# Extract and Explore

Code for If CLIP Could Talk: Understanding Vision-Language Model Representations Through Their Preferred Concept Descriptions.



## Setup

Install the following requirements:

```txt
accelerate==0.25.0
bitsandbytes==0.41.2.post2
datasets==2.15.0
open-clip-torch==2.23.0
peft==0.6.3.dev0
transformers==4.36.2
trl==0.7.5.dev0
vllm==0.2.7
torch==2.1.2
```


## Instructions

To analyze the representations of a contrastive VLM, first, use `train_runner.sh` to fine-tune and align an LLM with VLM preferences.
So, the LLM learns to generate descriptions that are closer to the corresponding images in the VLM embedding space.

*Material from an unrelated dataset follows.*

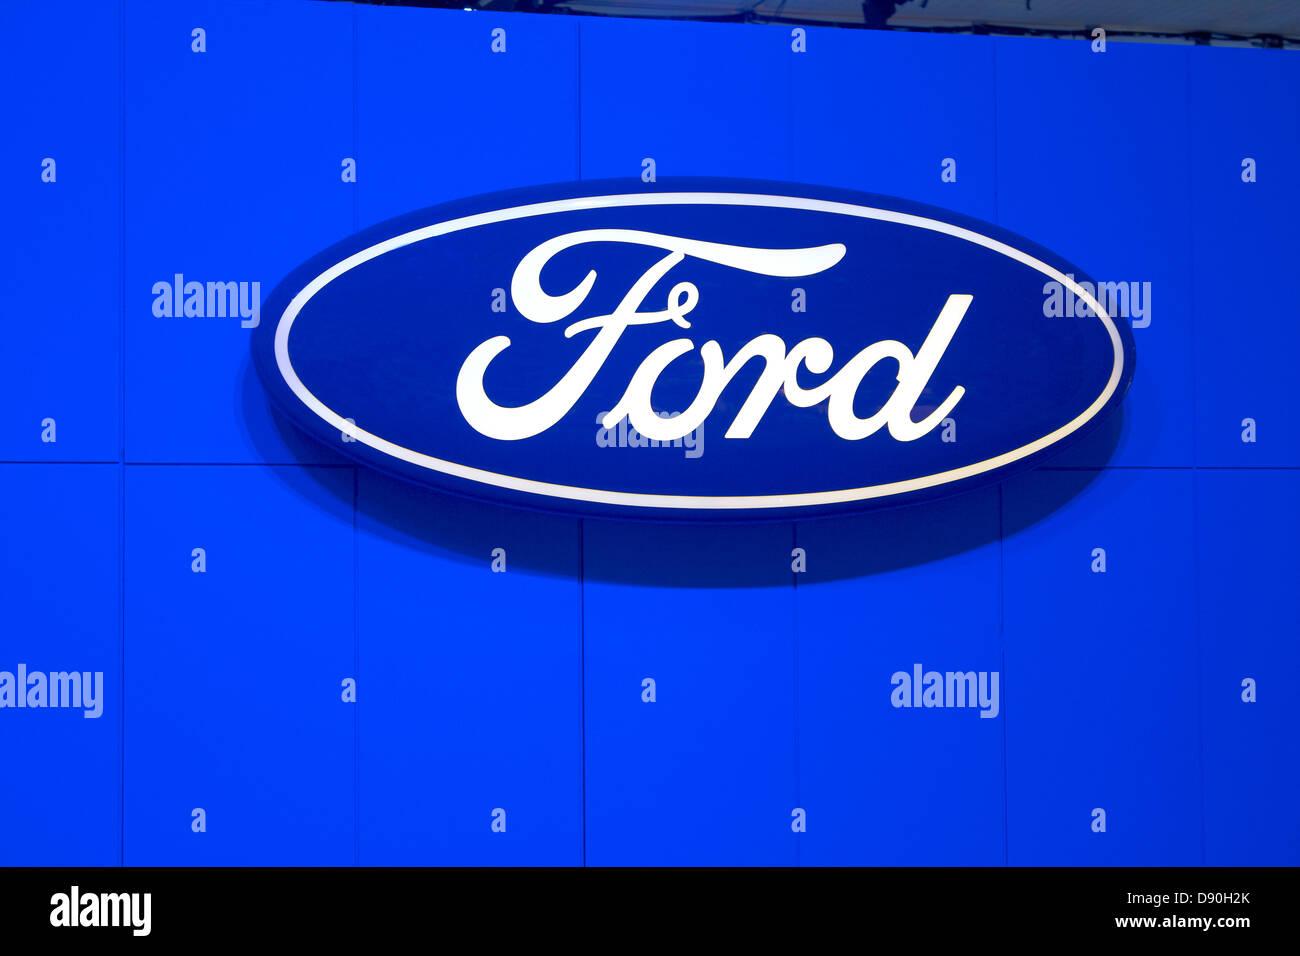 Ford Automobile logo - Stock Image

After training, run `inference_runner.sh` to generate 25 descriptions that the VLM prioritizes for each concept.

Now, you can examine these descriptions to understand how the VLM represents each concept. For example, you can use `inspection_runner.sh` to ask ChatGPT if each description provides additional information about the corresponding concept.

To use [CLIP](https://huggingface.co/docs/transformers/model_doc/clip) or [ALIGN](https://huggingface.co/docs/transformers/en/model_doc/align) checkpoints, just pass the model name on the Huggingface hub as the `vlm_name` argument. To use [OpenCLIP](https://github.com/mlfoundations/open_clip) models, set the `vlm_name` argument to `r-open-clip:MODEL:DATASET`, where `MODEL` is one of the models supported by OpenCLIP and `DATASET` is the pre-training dataset (e.g., `r-open-clip:ViT-bigG-14-CLIPA-336:datacomp1b`). To use OpenCLIP with Huggingface hub checkpoints, just use `r-open-clip:hf-hub:HUGGINGFACE_MODEL_NAME`, e.g., `r-open-clip:hf-hub:apple/DFN5B-CLIP-ViT-H-14-384`.